А  Б  В  Г  Д  Е  Ж  З  И  Й  К  Л  М  Н  О  П  Р  С  Т  У  Ф  Х  Ц  Ч  Ш  Щ  Э  Ю  Я  AZ

 

– Я здесь ни при чем, решение президиума политбюро! И я, и ты, Никита, должны были подчиниться!»
«Знаем мы это политбюро! – отпарировал Никита Сергеевич. – Видели, с чем его едят! Как же! Хватит заливать! Гоп ля!» – радостно выкрикнул он и переправил шарик прославленному маршалу Ворошилову, тоже оказавшемуся здесь же за столом неизвестно как и почему. От изумления перед этой непонятной игрой Брежнев все остальные, даже злобные, клеветнические нарекания Никиты Сергеевича забыл. Ему и самому захотелось получить заветный шарик, и в тот же момент шарик и перепрыгнул к нему.
«Гоп ля!» – с удовлетворением сказал он и, прицелившись, ловким щелчком переправил вожделенную штуковинку милейшему Лазарю Моисеевичу, выглядывавшему из за широченного плеча какого то маршала. Лазарь Моисеевич тоже очень обрадовался, поймал шарик и решительно заявил, что это его законная собственность и он, как самый старший здесь, никому его больше не отдаст.
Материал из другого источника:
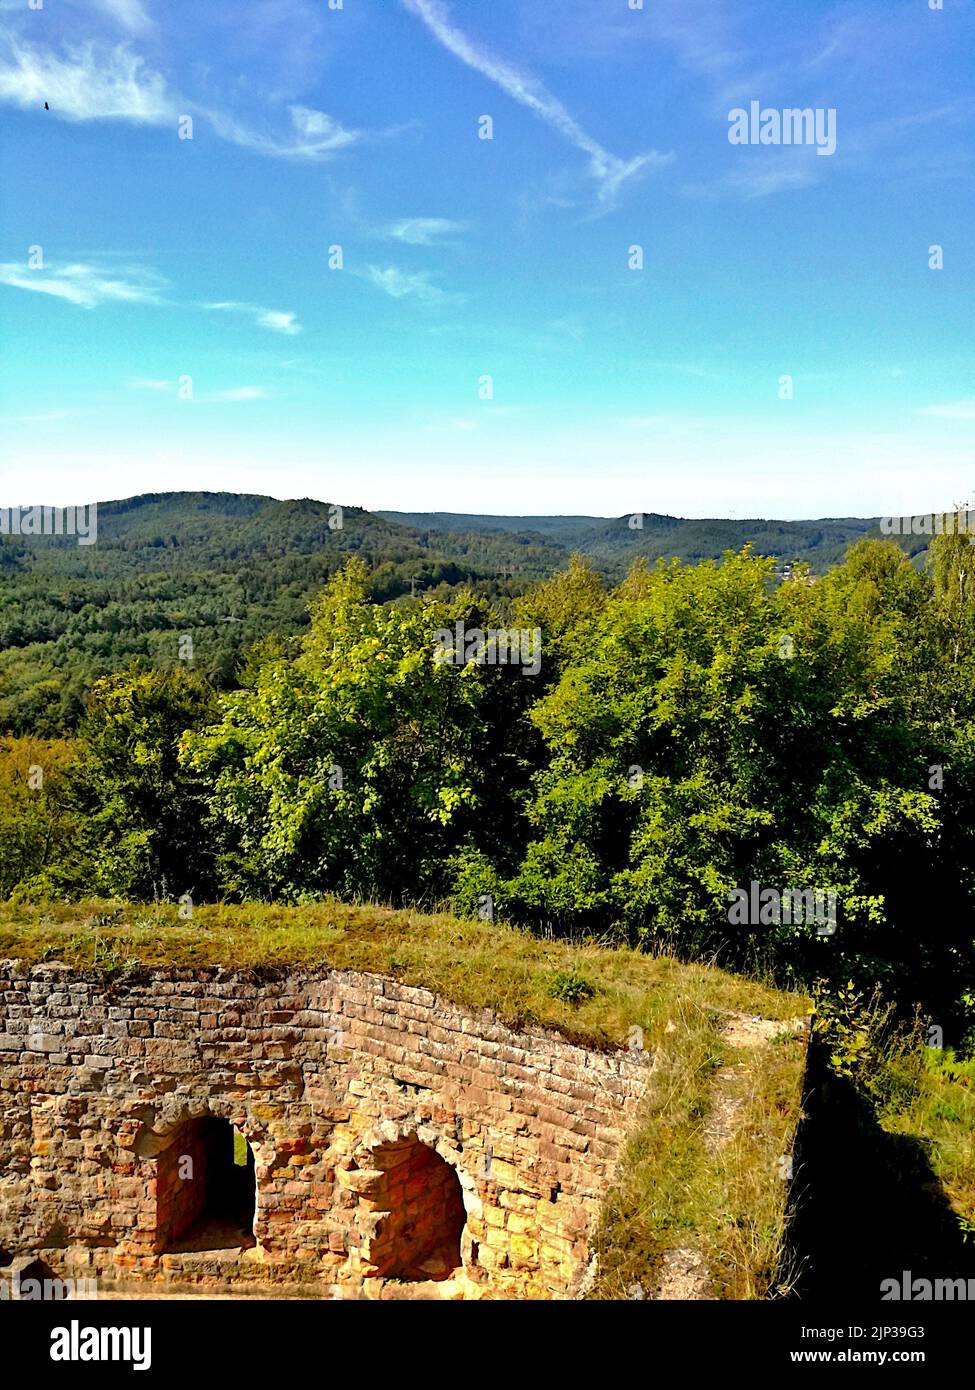 A vertical shot of Grafenstein castle in green mountains in Merzalben, Germany Stock Photo

Все стали возмущаться и требовать продолжения игры, но упрямый Лазарь Моисеевич наотрез отказался, и тогда Брежнев, вспомнив свое положение и значение, обратился к нему с мягким увещеванием – ему стало жалко упрямого старика, но правда и справедливость должны были быть восстановлены. И Леонид Ильич витиевато заговорил о партийном долге и совести, о необходимости коллективного подхода к проблеме и просил Лазаря Моисеевича, как старейшего здесь коммуниста и ленинца, подать нужный пример другим, и даже раздражительный Никита Сергеевич согласно закивал и поддакнул.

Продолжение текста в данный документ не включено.